Dirty Secrets: 5 Weaknesses of Cloud Storage Gateways

A cloud storage gateway has limitations that vendors don’t talk about. In this blog post, you’ll hear the 5 weaknesses of cloud storage gateways and the impact they could have on your enterprise. A while back we took a hard look at cloud storage pricing and all the gory details. One of the questions we got back from that post from one of our readers is if we were also going to take a real look at cloud storage gateways and tell our customers what their limitations are. That’s a great request (keep them coming!) and something we’re going to tackle in this post.
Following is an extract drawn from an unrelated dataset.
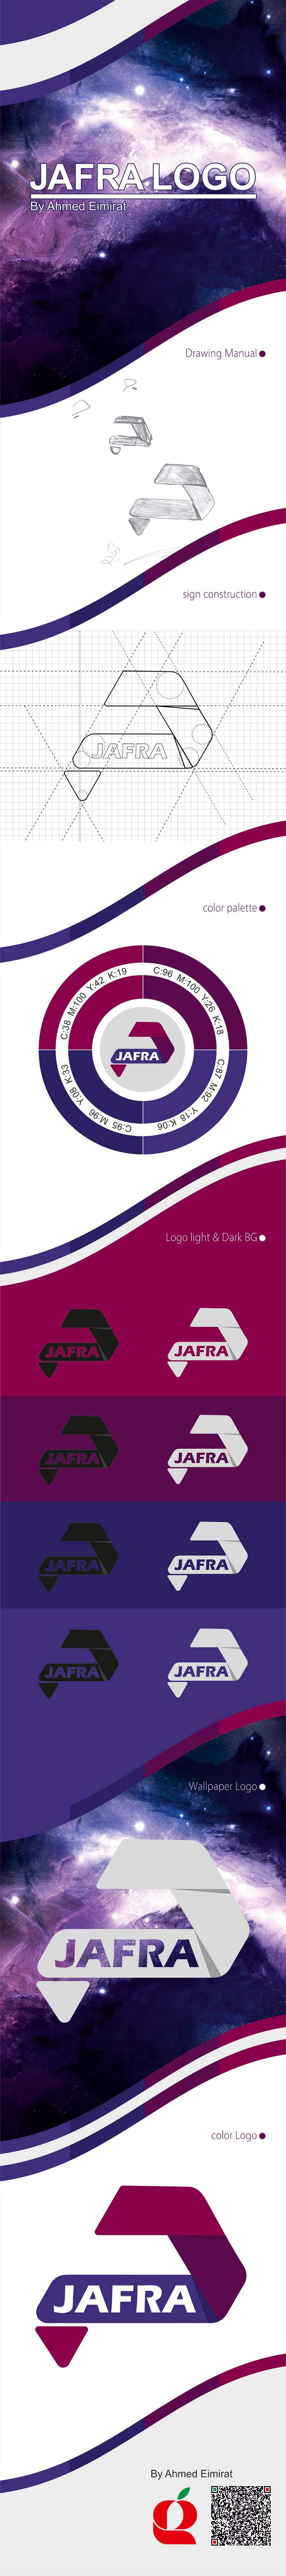 Jafra logo brand palestine

Despite what you hear from the marketing efforts from many companies, products and solutions always have limitations. While the Apple iPhone is an amazing device that has changed my life in many ways, it’s not a great phone (sorry, I’m still on AT&T). Anyway, what are the limitations of cloud storage gateways? Here’s the list then we’ll drill into the specifics:

  1. A Cloud Storage Gateway is not truly a SaaS solution
  2. Bulk Loads are limited by bandwidth
  3. Caching implies misses and cache full situations
  4. A gateway is required to access data after it’s in the cloud
  5. They are multi-vendor solutions by definition

A Cloud Storage Gateway is not truly a SaaS solution

The cloud storage gateway vendors tout cloud storage as storage-as-a-service, but the reality is that by definition the gateway vendors have a gateway or device (virtual or physical) that needs to be installed at your site. These devices need to be installed and maintained and take up some local compute and storage needs and require bandwidth to send data to the cloud. There are alternatives.
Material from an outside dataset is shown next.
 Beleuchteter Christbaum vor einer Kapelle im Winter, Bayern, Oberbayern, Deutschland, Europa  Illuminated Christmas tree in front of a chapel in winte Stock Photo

You could use the cloud directly without a gateway. Then you’ll be faced with the greatly reduced performance (5x-10x slower than the gateway devices), poor security, no compression/de-duplication, lack of WAN optimization techniques, etc. Another option is a gateway hosted in the cloud – that is a NAS server running in the cloud, storing data in the cloud. These effectively stretch the NAS connection (CIFS, NFS, WebDAV) to the client from the cloud. These protocols were not meant to be used over long distances with a lot of latency. There are companies that are providing “accelerators” in front of these kinds of solutions, but this is like putting lipstick on a pig.

Other than the poor technical solution and results you’ll face in this case they also have a terrible security model. By definition your data is in the cloud and accessible via a standard protocol like CIFS or NFS. Neither is particularly secure and security experts cringe when you tell them you’re going to host a CIFS or NFS server on the public Internet. You can reduce this risk with site-to-site VPN solutions and the like – at a performance penalty and cost. So we believe that while not a true SaaS solution, the pros outweigh the cons in this case IF customers care about performance, cost and security. If access or lack of local infrastructure are paramount then the consumer/prosumer cloud storage solutions are likely a better fit.

In summary, you need to have gear at your site with cloud storage gateways. They’re not pure SaaS.

Bulk Loads

Many cloud storage gateway providers (us included again) assume that you have unlimited bandwidth. This obviously isn’t true and our customers have a very wide range of bandwidth available to them in their businesses. While we have some customers that have sent multiple terabytes to the cloud in a single week, many of our customers have relatively slow network connections. Take, for example, a local law firm here in the Boston area. They have two T1 lines available for their entire company. They have about 50% utilization on those lines today during business hours. A T1 can do 1.536 Mbps (192,000 bytes per second) without overhead, but there is always protocol and application overhead that further limits the T1. For simplicity, let’s assume this law firm has one T1 dedicated to the cloud storage gateway and that they have an initial data set of 3TB to load into the cloud and they grow at 10% per year. Doing some quick math tells us that it will take more than a year to load the 3TB of data to the cloud. After that their available bandwidth is sufficient to keep up with the ongoing data growth.

So if you want to get to the cloud to reap the benefits of cloud storage and storage-as-a-service you could end up waiting a very long time with these different providers. This math and dynamic are pure physics. There are some things the gateways do that help this including compression, de-duplication, WAN optimization and the like but in the end data will need to be sent to the cloud and while the time can be reduced, sometimes dramatically, often you’ll be facing the limitations of your internet connection.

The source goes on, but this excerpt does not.